# GX630 overheated, what to expect...?



## YSHSfan (Jun 25, 2014)

Hello,
I'm considering buying a Honda GX630 engine possibly for my Ariens ST1236 project, it is listed as "not running, has been overheated". What should I expect, would it be worth buying or not. Listed as near 2000 hours of use.
Thanks in advance for any advice.


----------



## RIT333 (Feb 6, 2014)

2000 hours is equivalent to continuous operation for 3 months. I would stay away from it, and look for a used Tecumseh with less hours, and zero issues. It will be better than the Honda, and less work.


----------



## 524SWE (Jan 20, 2017)

YSHSfan said:


> Hello,
> I'm considering buying a Honda GX630 engine possibly for my Ariens ST1236 project, it is listed as "not running, has been overheated". What should I expect, would it be worth buying or not. Listed as near 2000 hours of use.
> Thanks in advance for any advice.


2000 hours seems up there in hours, maybe not for a Honda, I don't know, and it was overheated so it probably uses oil, think I'd keep looking.


----------



## leonz (Dec 12, 2014)

Chances are the piston jug is warped and the rings are shot so unless you want to spend time rebuilding it from the oil sump upward its scrap.

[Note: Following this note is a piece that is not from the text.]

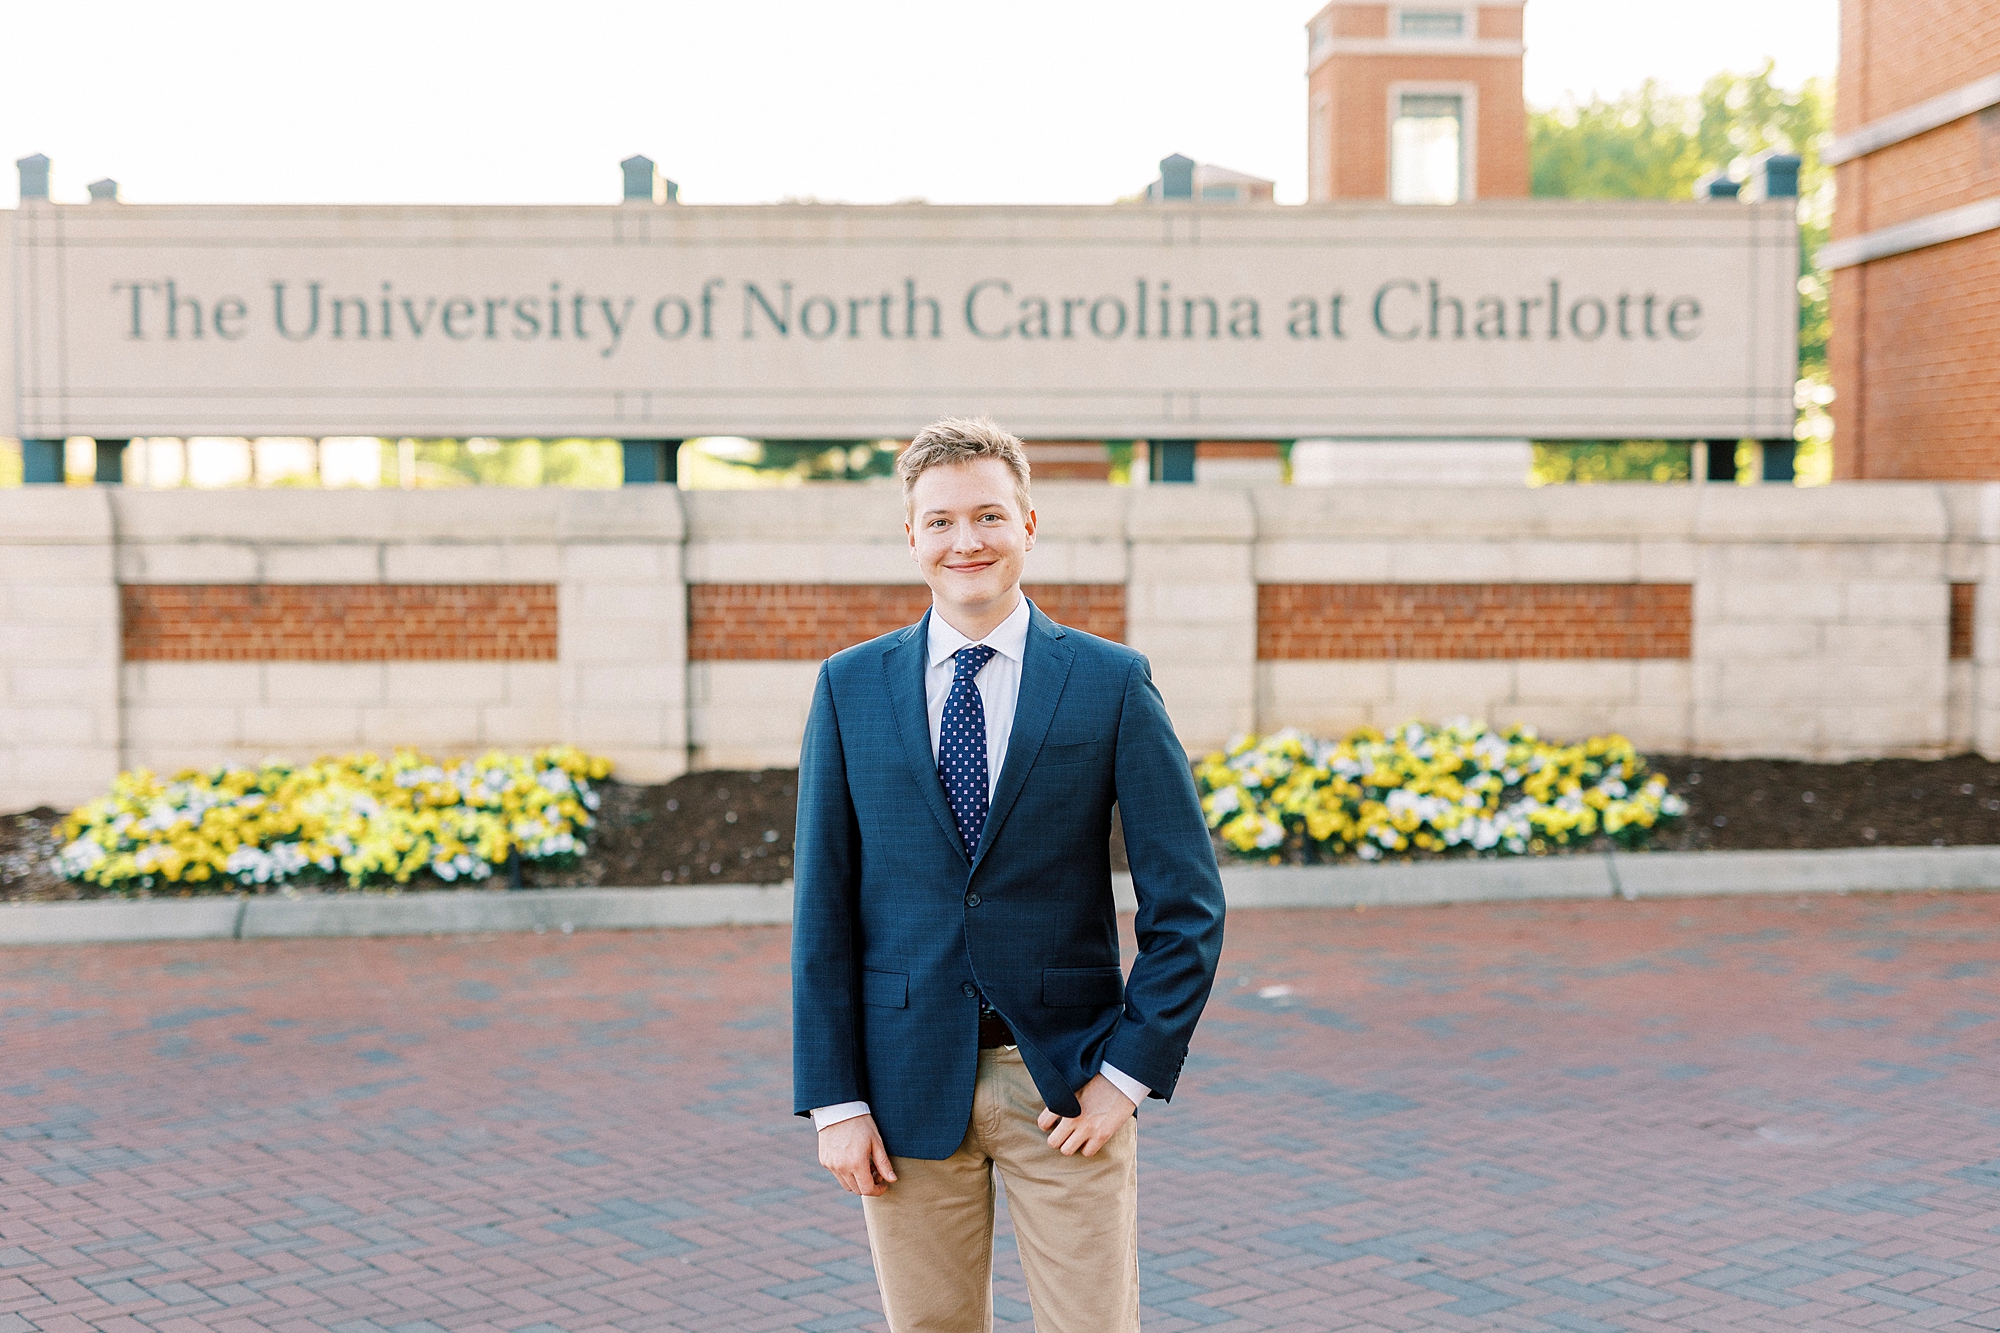 senior in navy jacket with khaki pants stands near University of North Carolina at Charlotte sign

More than likely the cooling fins in the jug were plugged with mouse house insulation and they never made sure it was free of debris to allow proper air cooling at any time they owned the engine.


----------



## YSHSfan (Jun 25, 2014)

Thanks everyone for the advice. I passed on it. I'll keep my eyes open for a good runner GX620,630,670 or 690. I'd like to have spare power on the 36" wide housing and be able to carry a person. A "ride on" snowblower.


----------